Reports emerged again in 2019 that, following Operation Olive Branch, more than 16,000 artifacts such as glass, pottery and mosaics, mostly from Afrin District, were looted and smuggled to Turkey by Syrian rebels. In 2022, the Russian Defense Ministry said that Turkish-backed forces illegally performed excavations in northern Syria by using explosives and heavy equipment that destroyed ancient sites; in response, Turkey deployed soldiers in some of the ancient sites and started an operation to retrieve smuggled Syrian items in Turkey.

=== Water supplies ===
In March 2020, nongovernmental organizations, the World Health Organization and the Kurdish-led administration in northeast Syria said that the water supply from the Alouk pumping station had been repeatedly interrupted after Turkey and its allies took control of the Alouk water station after the Turkish offensive in October 2019. In addition, local authorities and humanitarian groups in Northeast Syria said that they are unable to bring additional supplies into the region because the border with the Kurdistan Region of Iraq is closed. They all warned against doing these in the midst of the COVID-19 pandemic.

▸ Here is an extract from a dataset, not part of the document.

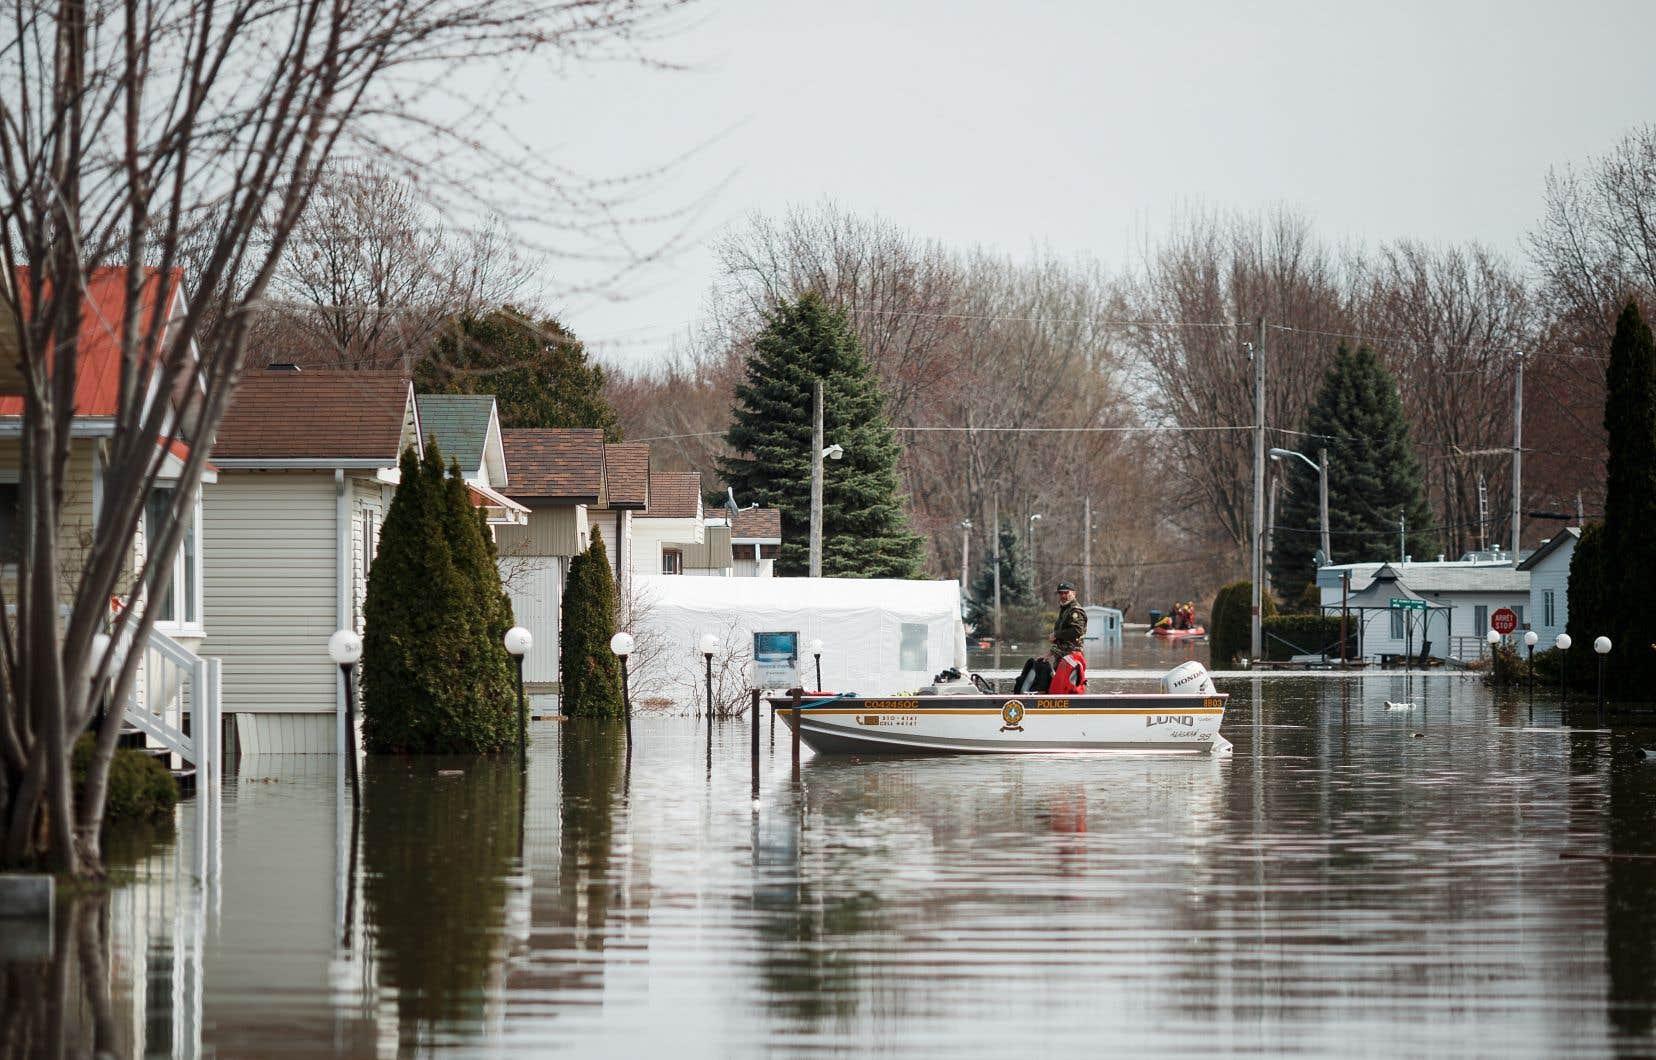 Quand la digue à Sainte-Marthe-sur-le-Lac a cédé, l'eau a rapidement envahi les rues, noyant les sous-sols des habitations et en chassant leurs occupants.

In August 2020, the Assad regime and the Kurds accused Turkey and its allies of cutting off water to al-Hasakah Governorate. The deputy United Nations Humanitarian Coordinator for Syria told the Security Council that there were frequent water cuts in al-Hasakah and al-Hawl. The Permanent Representative of Turkey to the United Nations, Feridun Sinirlioğlu, denied the accusations, adding that the water station is powered from a dam, which is controlled by the Syrian Democratic Forces.